I have a working understanding of principles of distances between datasets at a fairly high level (ie perhaps not all the detailed maths). I want to calculate the Mahalanobis distance between a reference dataset and an observations dataset. To understand what I am getting out of the Distances.jl package I decided to try and recreate this example (originally in Python - but it’s a worked example with a result I can compare mine to).
My first issue is that, given the variables are in the columns and the observations are in the rows (as you might expect), attempting to use colwise
in distances.jl results in an error that there is a dimensions mismatch (presumably because there is a different number of rows between the reference and the dataset and the observations (which is just the first 500 rows in this case).
So, I tried turning the data around with permutedims
and using pairwise
. This works but now givens me an enormous table 500x53940 with 0.0 down the diagonal and nothing that matches the results I see in the above link.
The code I have is as follows (variable names match the linked example):
using DataFrames, CSV, Distances, Statistics
df = DataFrame(CSV.File("A:/diamonds.csv"))
df_x = Array(select(first(df, 500), [:carat, :depth, :price]))
data = Array(select(df, [:carat, :depth, :price]))
Q = cov(data)
colwise(Mahalanobis(Q), df_x, data) # ERROR: DimensionMismatch("Incorrect vector dimensions.")
df_xp = permutedims(df_x)
datap = permutedims(data)
pairwise(Mahalanobis(Q), df_xp, datap) # massive incompressible array
I clearly don’t understand something here and would very much appreciate help to do so. Given the diamonds CSV in the above think, how would I compute the Mahalanobis distance between the first 500 rows and the dataset as a whole (which is what they are doing in the link) and how do I interpret the result? Why can’t I do this column-wise (which seems to be the logical thing to do)?
Many thanks!
2 Likes
What size array did you expect to get? The result does not surprise me if you have 500 entries in one dataset and 54k in the other. The reason that it’s zeros on the diagonal is that you use the same 500 points in both datasets.
Entry [i, j] in the distance matrix will be the distance between datapoint i in the first set and j in the other.
1 Like
Thanks for the reply. I was expecting a distance between each variable (column) and the envelope of the reference set. That would be 500 x 3 in this case rather than a distance for every single observation and each member of the reference set because that’s the point of the Mahalanobis distance.
I figured that the zeros on the diagonal was for the reason you say and that makes perfect sense but what I was hoping to understand was why the Python example gets a single value (that appears to come for the diagonal) for the distance of each observation to the reference set. I have seen other examples worked in Excel and elsewhere that also return a single value for Mahalanobis distance, so I presumed there was a method to ‘collapse’ all the distances to a single value (root mean square of a row of distances - is that legitimate?).

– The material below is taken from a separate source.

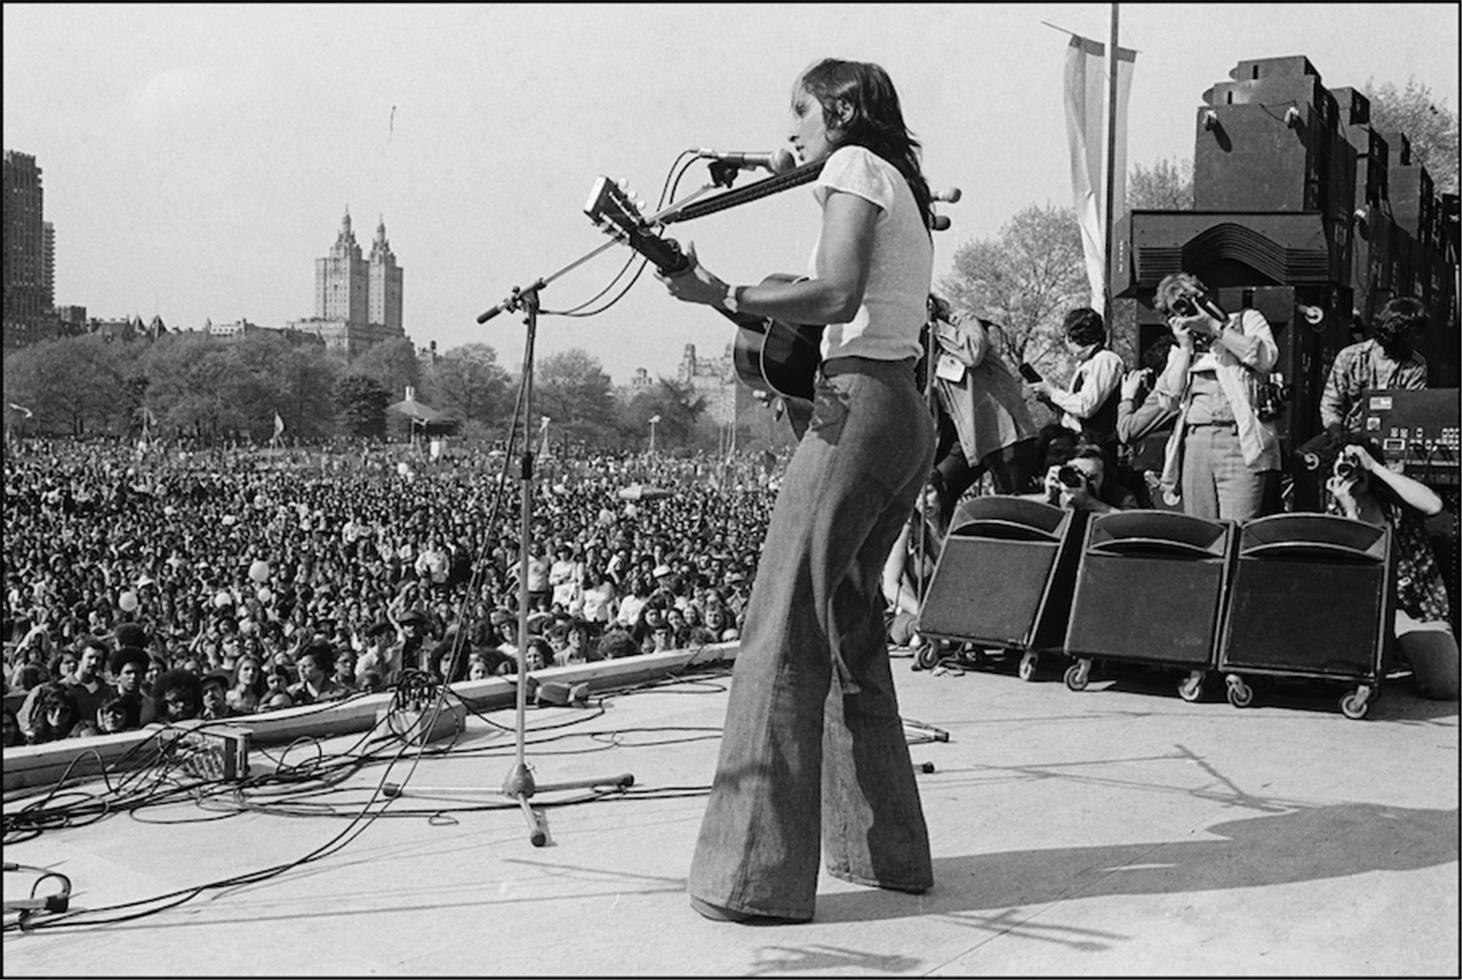 Allan Tannenbaum Black and White Photograph - Joan Baez, War is Over Rally, Central Park, NYC, 1975

EDIT: I implemented the python example exactly as it is in the link and I get a 500 x 500 array out, from which they are taking the diagonal.
EDIT 2: It turns out that there is an alternative version of the Mahalanobis formula that which uses distances from each observation to the central mean, which appears to be what the Python version is doing from looking at the code. This explains the dramatically different results but begs the question how we can call both these things “Mahalanobis distance”?

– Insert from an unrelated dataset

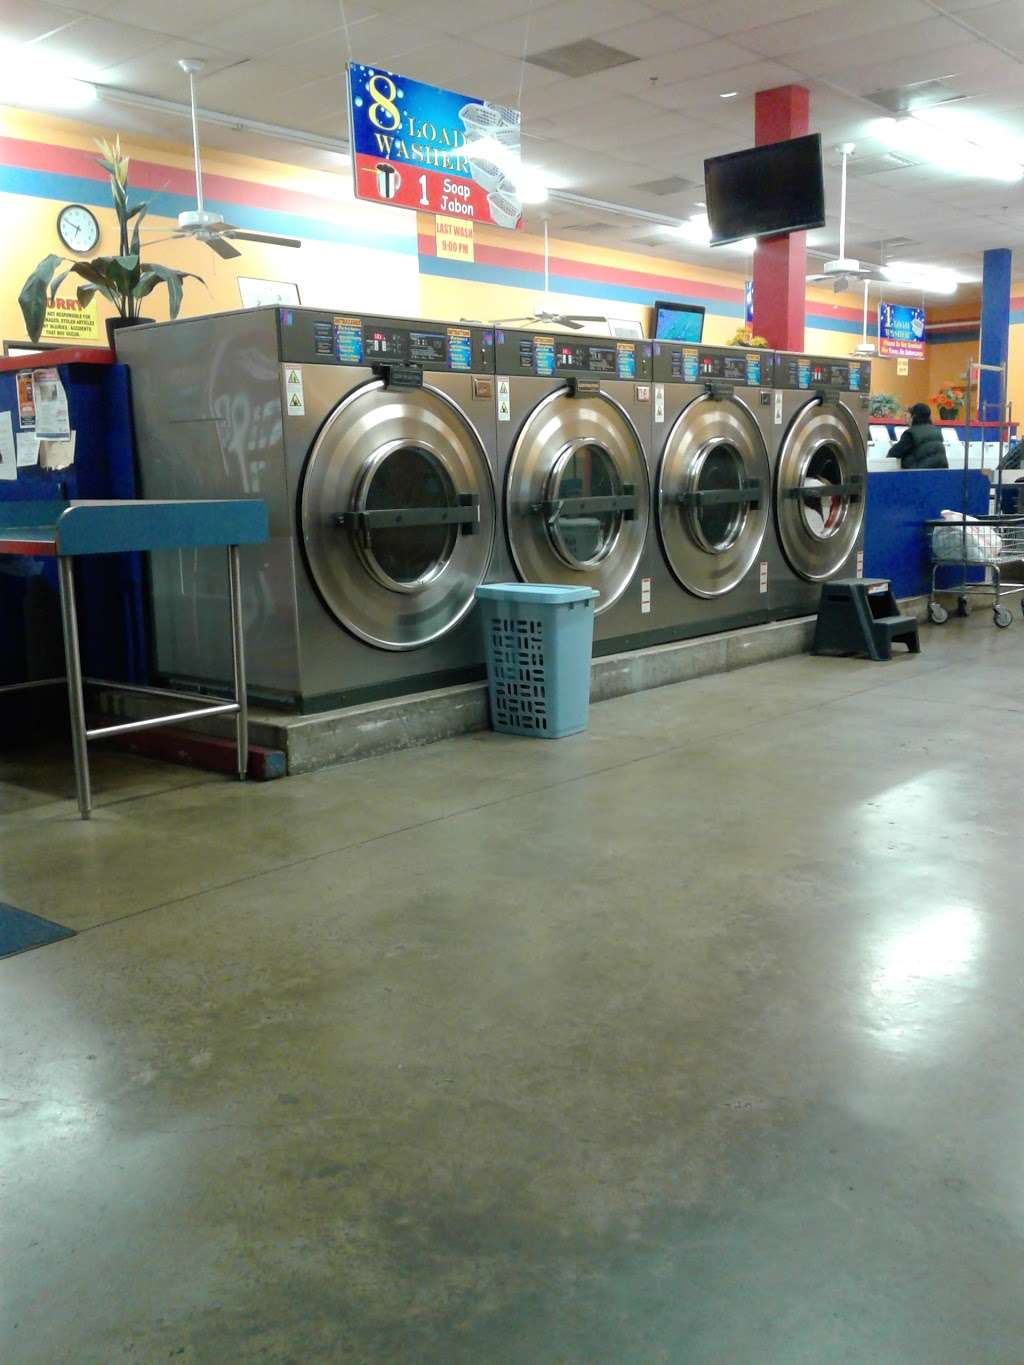 Wash 4 Less | 1955 S State Hwy 121, Lewisville, TX 75067, USA | Phone: (972) 315-6555

@Jasper_Hall I think you should clear your mind what you are expecting with that it is not mater what you enter. Enter [i,j] matrix in this space.

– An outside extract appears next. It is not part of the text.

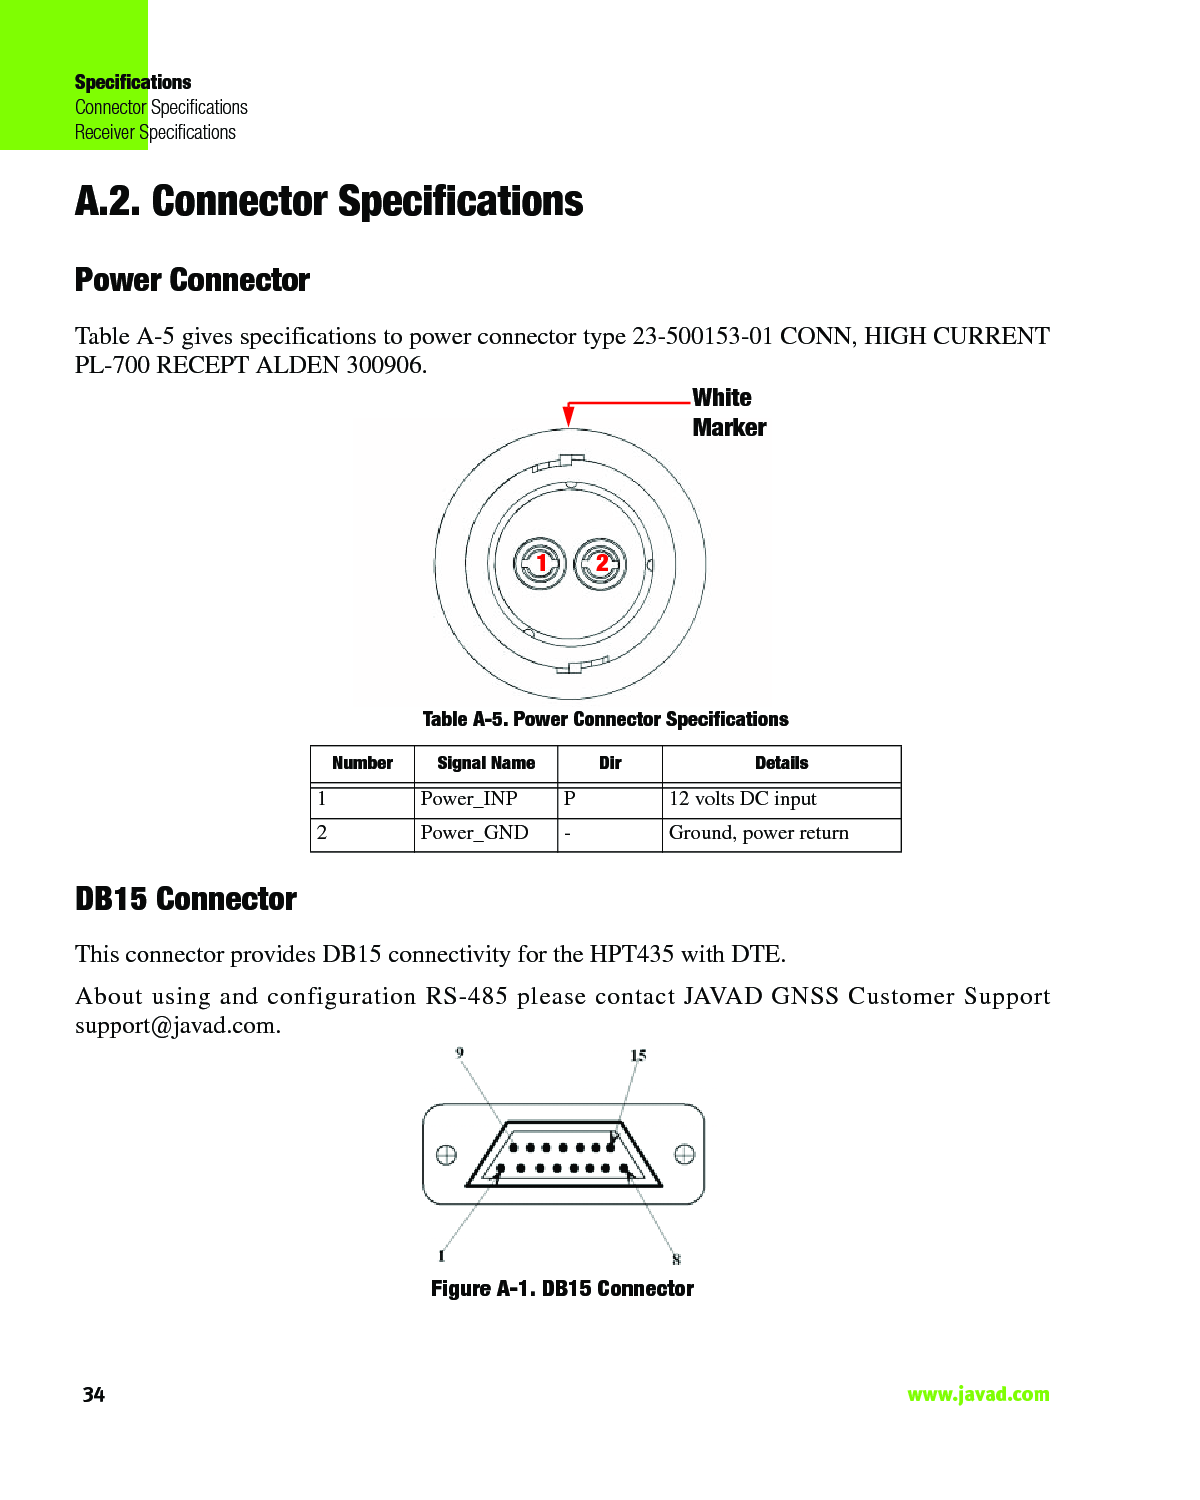 SpecificationsConnector SpecificationsReceiver Specifications34                                                                                                                     www.javad.comA.2. Connector SpecificationsPower ConnectorTable A-5 gives specifications to power connector type 23-500153-01 CONN, HIGH CURRENTPL-700 RECEPT ALDEN 300906.Table A-5. Power Connector SpecificationsDB15 ConnectorThis connector provides DB15 connectivity for the HPT435 with DTE.About using and configuration RS-485 please contact JAVAD GNSS Customer Supportsupport@javad.com. Figure A-1. DB15 Connector12White MarkerNumber Signal Name Dir Details1 Power_INP P 12 volts DC input2 Power_GND - Ground, power return

Thanks for the comments folks. In the end I decided to ditch the black-box of Distances.JL and port the code in the example to Julia. The only gotcha in porting is that we seem to need to do more transformations of the matrices in Python that are required in Julia, especially when deriving the covariant matrix. Otherwise, it is very straight forward and gives me what I expect and I can compare my results to a number of other different implementations too, so I know it is working correctly.